Besinnliche Feiertage und einen gesunden glücklichen Rutsch ins neue Jahr

Andrea Nahles, Bundestagsabgeordnete und Bundesministerin für Arbeit und Soziales, wünscht allen eine friedliche und besinnliche Weihnachtszeit. Sie freut sich, innehalten zu können und im Kreise ihrer Familie eine friedvolle Zeit zu verbringen. Sie wünscht allen ein gutes Rüberkommen ins neue Jahr 2015 und einen glücklichen Jahresabschluss.

Mindestlohn: Ein guter Start ins Jahr 2015

Das Jahr 2015 startet mit einem wichtigen Gesetz: Ab dem 1. Januar 2015 ist Schluss mit der Ausbeutung am Arbeitsplatz: Rund 3,7 Millionen Menschen profitieren vom Mindestlohn in Höhe von 8,50 Euro. Der Mindestlohn macht viele Beschäftigte unabhängig von ergänzenden Sozialleistungen und setzt Lohndumping ein Ende. Alle Arbeitgeberinnen und Arbeitgeber sowie Beschäftigte können sich schon jetzt bei der Mindestlohn-Hotline des Bundesarbeitsministeriums über ihre Rechten und Pflichten informieren.
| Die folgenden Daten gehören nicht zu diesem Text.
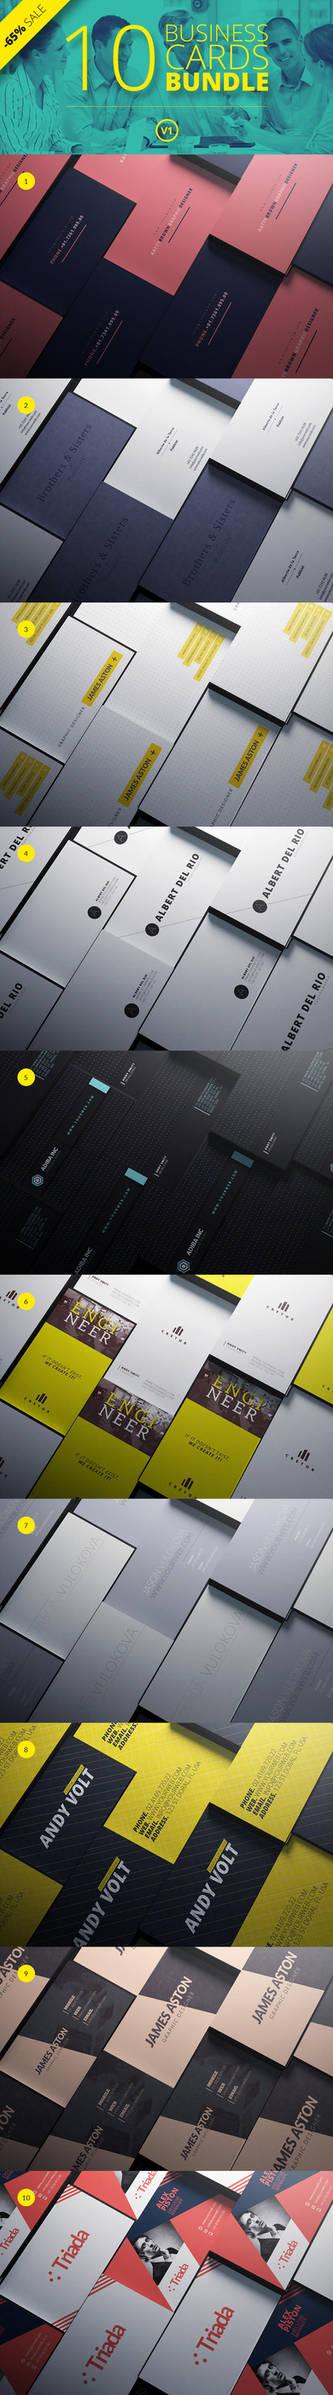 10 Business Cards Bundle V1 by cooledition

Nach über zehnjähriger Kraftanstrengung kommt der flächendeckende gesetzliche Mindestlohn. „Das ist ein historischer Meilenstein in der Arbeitsmarktpolitik, von dem viele Arbeitnehmerinnen und Arbeitnehmer auch in meinem Wahlkreis profitieren. Lohndumping gehört endlich der Vergangenheit an“, erklärt Andrea Nahles, SPD-Bundestagsabgeordnete und Bundesministerin für Arbeit und Soziales.  „Der Mindestlohn schützt auch unsere ehrlichen Unternehmerinnen und Unternehmer, die schon immer gute Löhne gezahlt haben. Sie müssen jetzt nicht mehr mit Betrieben konkurrieren, deren Geschäftsmodell vor allem auf Dumpinglöhnen basiert.“

Alle volljährigen Arbeitnehmerinnen und Arbeitnehmer bekommen einen gesetzlichen Anspruch auf einen Mindestlohn – in Ost und in West. Bei Zeitungszustellern und dort wo Mindestlohntarifverträge bestehen, gibt es Übergangsregelungen. Spätestens ab 2017 bekommen alle 8,50 Euro. „Die Sozialdemokraten wollen, dass alle Beschäftigten von ihrer Arbeit leben können und nicht zusätzlich Sozialleistungen beziehen müssen“, erklärt Andrea Nahles. „Deshalb hat die SPD von Anfang an aufs Tempo gedrückt und dafür gesorgt, dass alle Vereinbarungen des Koalitionsvertrags zum Thema Mindestlohn umgesetzt werden.“

Schlupflöcher zur Umgehung dieser Lohnuntergrenze gibt es kaum. Dennoch werden die Kontrollmöglichkeiten des Zolls weiter ausgebaut. Dieser soll ab Anfang kommenden Jahres nicht mehr nur illegale Beschäftigung und Schwarzarbeit ins Visier nehmen, sondern eben auch Verstöße gegen den Mindestlohn. „Dafür werden über 1.600 Stellen in drei Jahren neu geschaffen“, so Andrea Nahles. Für die Kontrolle des Mindestlohns sei es vor allem wichtig, dass die Arbeitgeberinnen und Arbeitgeber die Arbeitszeiten von Minijobbern ab dem 1.Januar 2015 aufzeichnen müssen. „Nur so kann der Mindestlohn auch in unserem Wahlkreis wirksam kontrolliert werden“, unterstreicht die SPD-Politikerin.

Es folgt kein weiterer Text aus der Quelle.